One company that has jumped on voice-activated pool and spa control is All Seasons Pools & Spas (Orland Park, Ill.). They've got an Amazon Echo set up right in the store, hooked up to a mock equipment pad.
Although there's no actual water running through the pipes, colored rope lights represent moving water and activation of different components. It's a clever model of a working pool setup.
"We put the display near the sales desks," says company vice president Dan Lenz, "so when a sales guy is sitting at a desk with a customer, the sales guy just says, 'Alexa turn the pool light on.' And it comes on.
"And when he tells Alexa to turn the heater on, the red lights in the heater cutaway come on. It's an exciting thing for the right age group."
She Got Skills
Unlike Napoleon Dynamite, Alexa has "skills," or functional abilities.
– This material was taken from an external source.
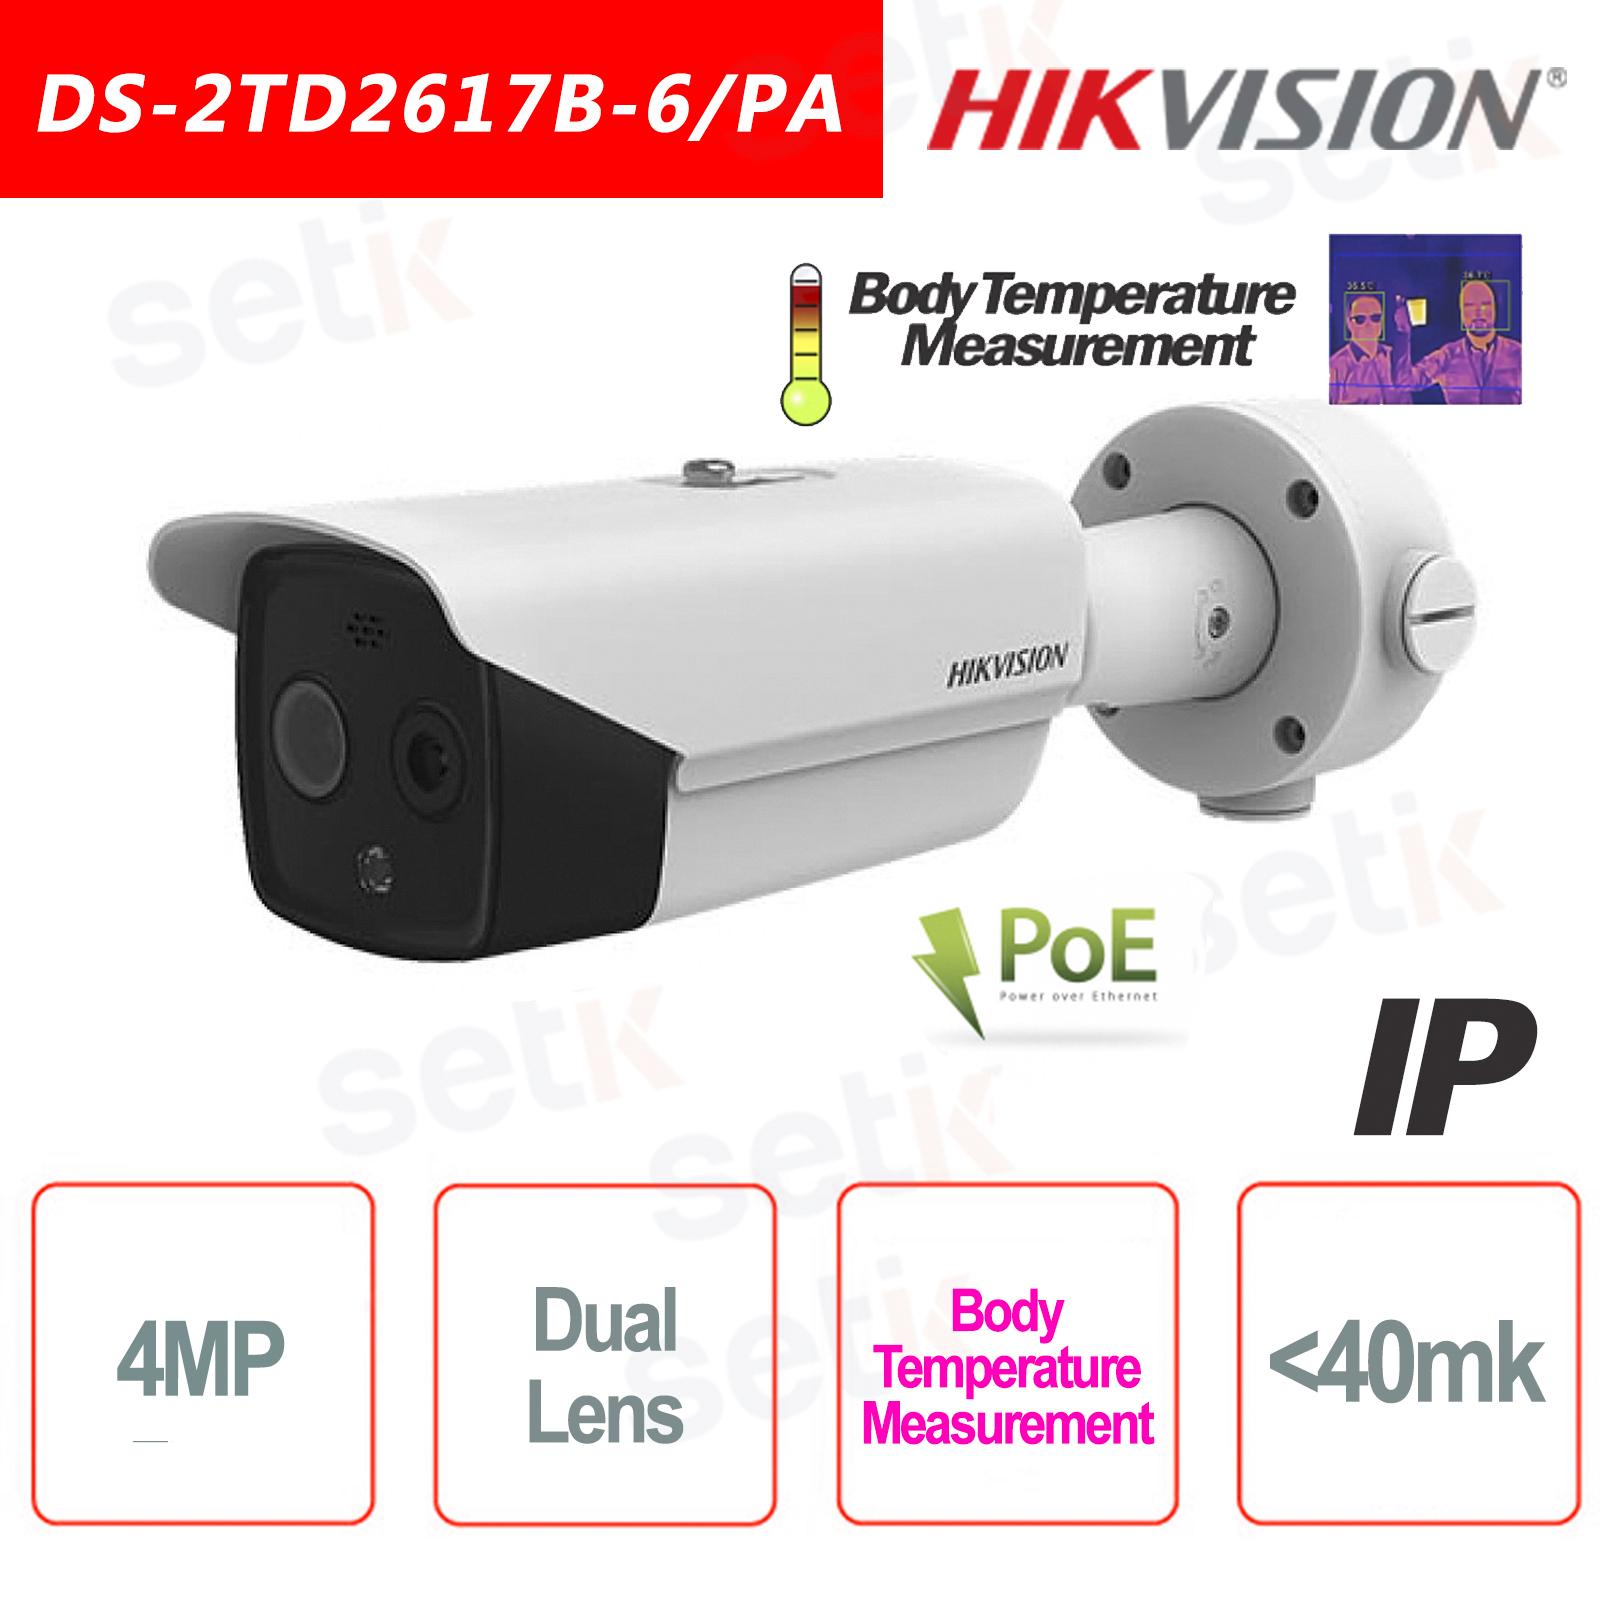 Ip Poe Hikvision Thermal Bullet Camera Body Measurement

Alexa comes out of the box with the skills to stream music, control smart lighting and tell you the weather, among a host of other functions. (Including, of course, the ability to order a million more products from Amazon, just by uttering the words.)
But most of Alexa's potential for home control comes from third-party manufacturers that build skills for Alexa so she can control their piece of equipment.
Major manufacturers of pool and spa equipment have developed these skills so when the homeowner says, "Alexa, turn my pool lights on," that phrase triggers a command in their standard pool control and automation system, and voila, the backyard is illuminated.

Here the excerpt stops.